AYOJAKARTA.COM - Warga di sekitar Desa Purworejo, Kabupaten Wonogiri, Jawa Tengah dibuat gempar dengan fenomena pohon beringin yang diluar nalar.
Hal tersebut terjadi setelah sejumlah petugas Pemerintah Daerah melakukan penebangan terhadap pohon beringin di ruas jalan Wonogiri-Ngadirojo.
Warga gempar lantaran pohon beringin yang tergolong berusia tua tersebut mendadak kembali tegak meski pangkal batang dan seluruh daunnya sudah ditebang.
Penebangan pohon beringin tua berusia ratusan tahun yang dilakukan pada hari Jumat, 19 Januari 2024 tersebut mendadak menjadi perbincangan warganet.
Sebelumnya, batang pohon yang dianggap warga setempat memiliki keramat tersebut juga sempat menimpa minibus dan warung makan.
Belum diketahui ada atau tidaknya korban jiwa maupun mengalami luka akibat tumbangnya batang pohon yang meniban minibus serta warung makan tersebut.
Usai sejumlah aparat pemerintah melakukan penebangan yang dimulai dari dahan hingga ke pangkal, pohon beringin tua berhasil ditumbangkan.
Namun peristiwa diluar nalar yang sempat terekam kamera salah seorang warganet menunjukkan pohon beringin kembali berdiri tegak setelah tumbang beberapa saat.
Menurut penuturan warga di sekitar lokasi, pohon beringin yang diperkirakan sudah berusia ratusan tahun memang memiliki keunikan atau keramat.
Baca Juga: Viral! Netizen Ini Akui Program Food Estate Gagal, Disebut Tanam Singkong tapi Malah Tumbuh Jagung
Karenanya, warga secara khusus memberikan pagar pembatas di sekeliling pohon agar tidak bisa didekati oleh siapapun.
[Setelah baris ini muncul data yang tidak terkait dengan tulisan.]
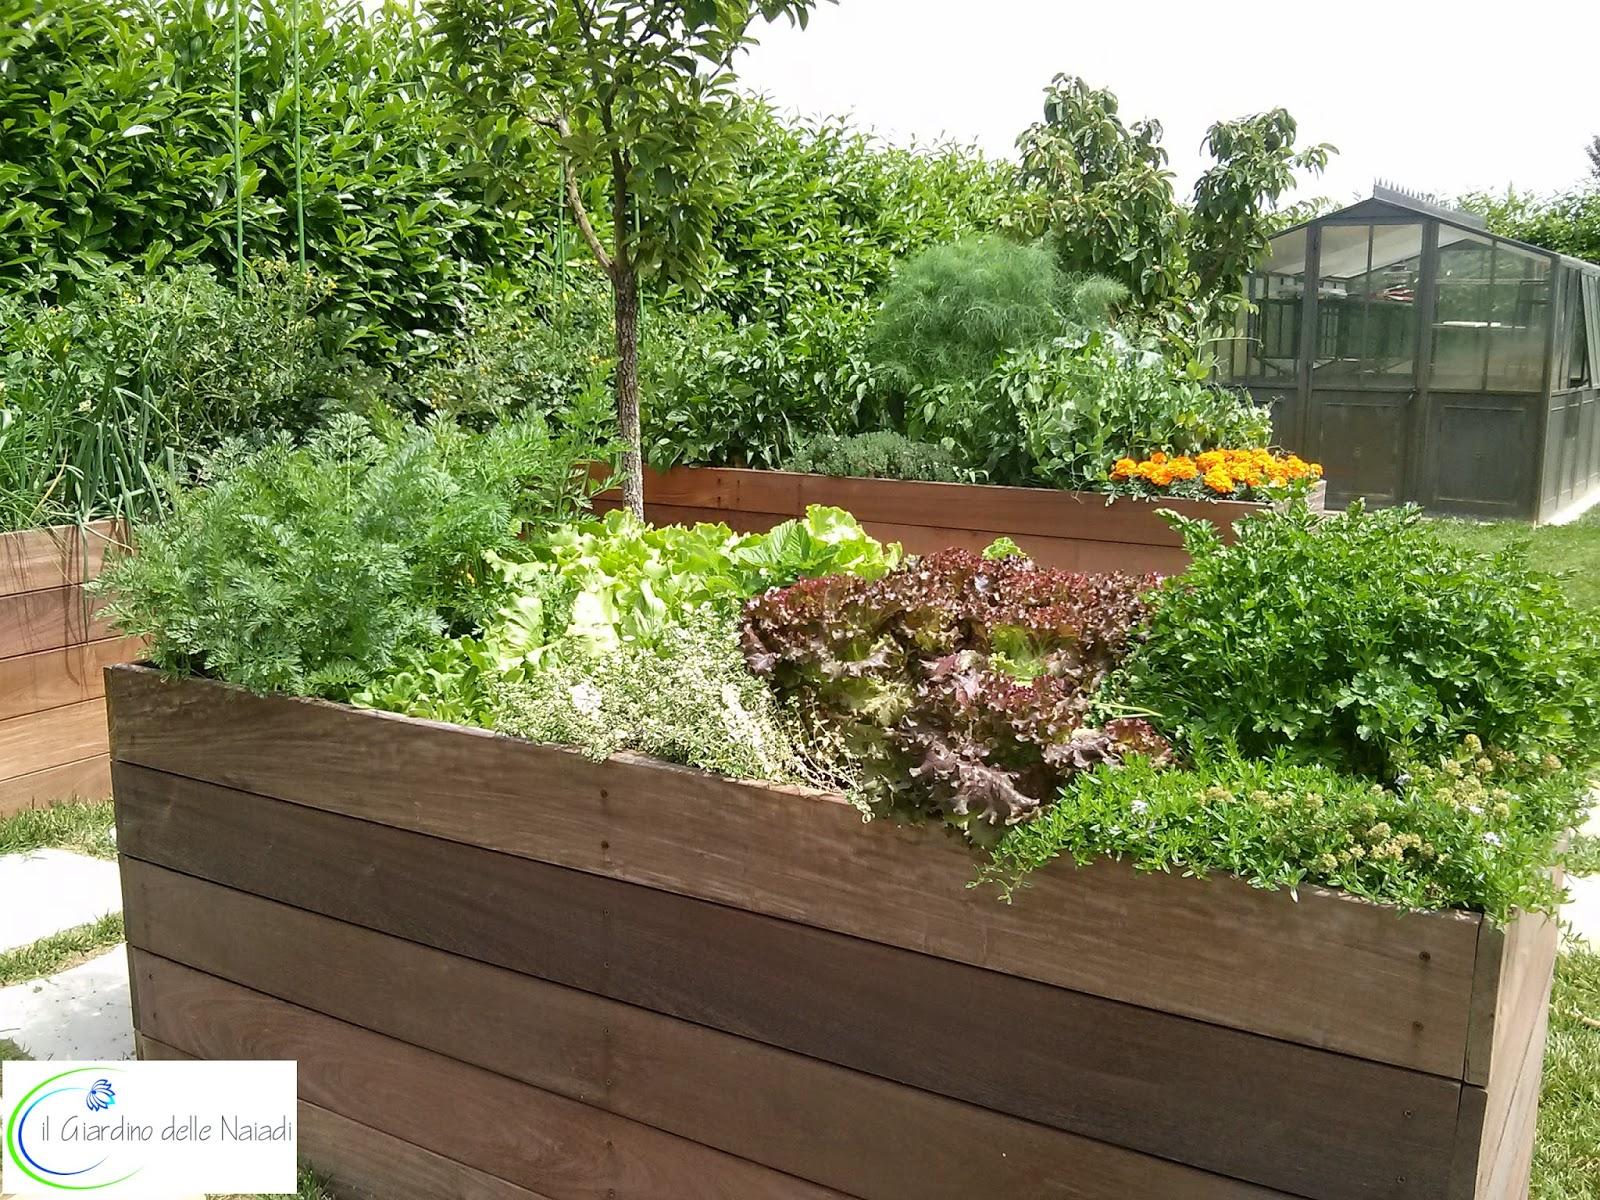 Il giardino delle naiadi un orto rialzato benessere a for Bordi per aiuole fai da te
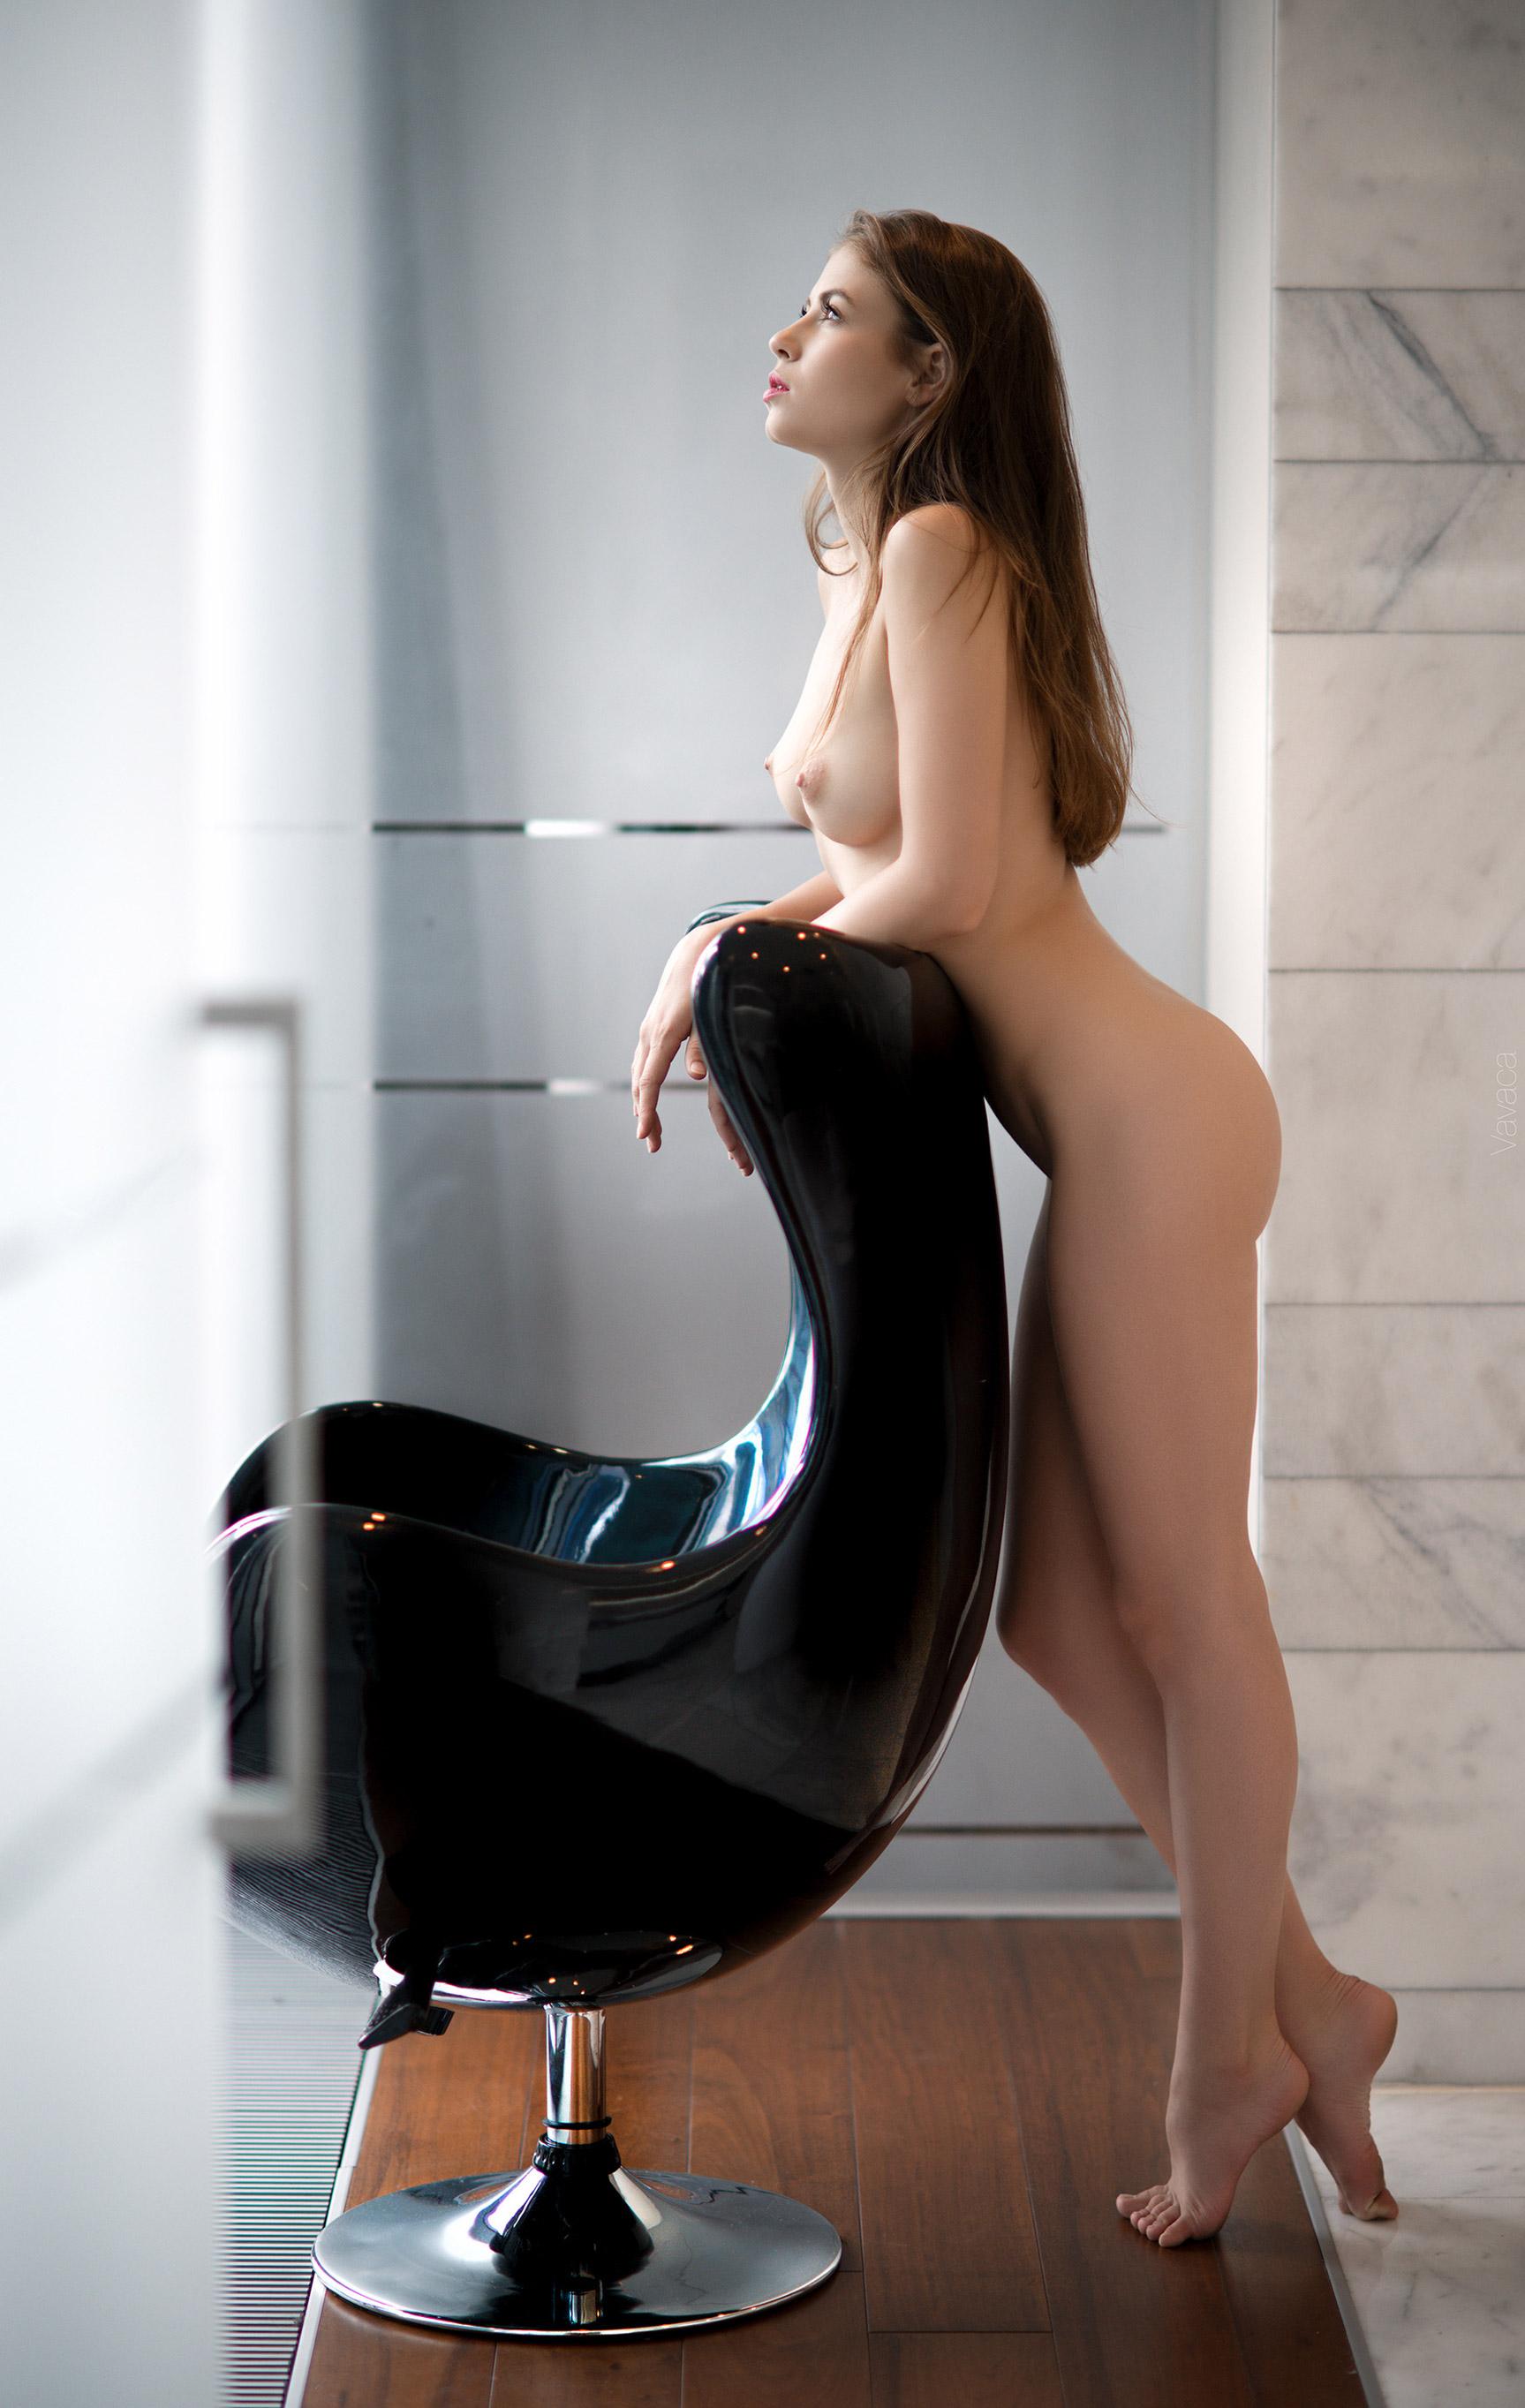 Viktoriia Aliko - Vladimir Nikolaev photoshoot

Namun demikian tidak jarang pagar pembatas tersebut justru diterabas atu diterjang oleh sejumlah warga lainnya yang datang untuk meletakkan makanan.
Terkait dengan dengan fenomena pohon beringin yang kembali tegak setelah ditebang, sejumlah kalangan memiliki tanggapan.
Menurut sebagian kalangan, selama akar pohon masih menghujam ke dalam tanah, maka peluang pohon untuk tumbuh dan berkembang akan selalu terbuka.
Fenomena pohon beringin yang kembali berdiri menjulang meski sudah ditebang, diyakini karena kondisi akar masih belum sepenuhnya terpotong.
Selain itu, peristiwa tegaknya pohon dipercaya karena berat massa jenis di bagian sekitar pangkal lebih berat dibandingkan bobot batang.
Penumpukkan berat yang berpusat di sekitar pangkal pohon atau bonggol akar, diyakini sebagai alasan pohon tersebut bisa kembali berdiri tegak.
Di samping memaparkan secara sains dengan pendekatan fisika, ada juga warganet yang berpendapat fenomena tersebut merupakan tanda masih bermasalahnya tauhid.
Menurut warganet pemilik akun @*emini*, keberadaan pohon beringin berusia ratusan perlu dihormati dengan tidak memberi sesaji.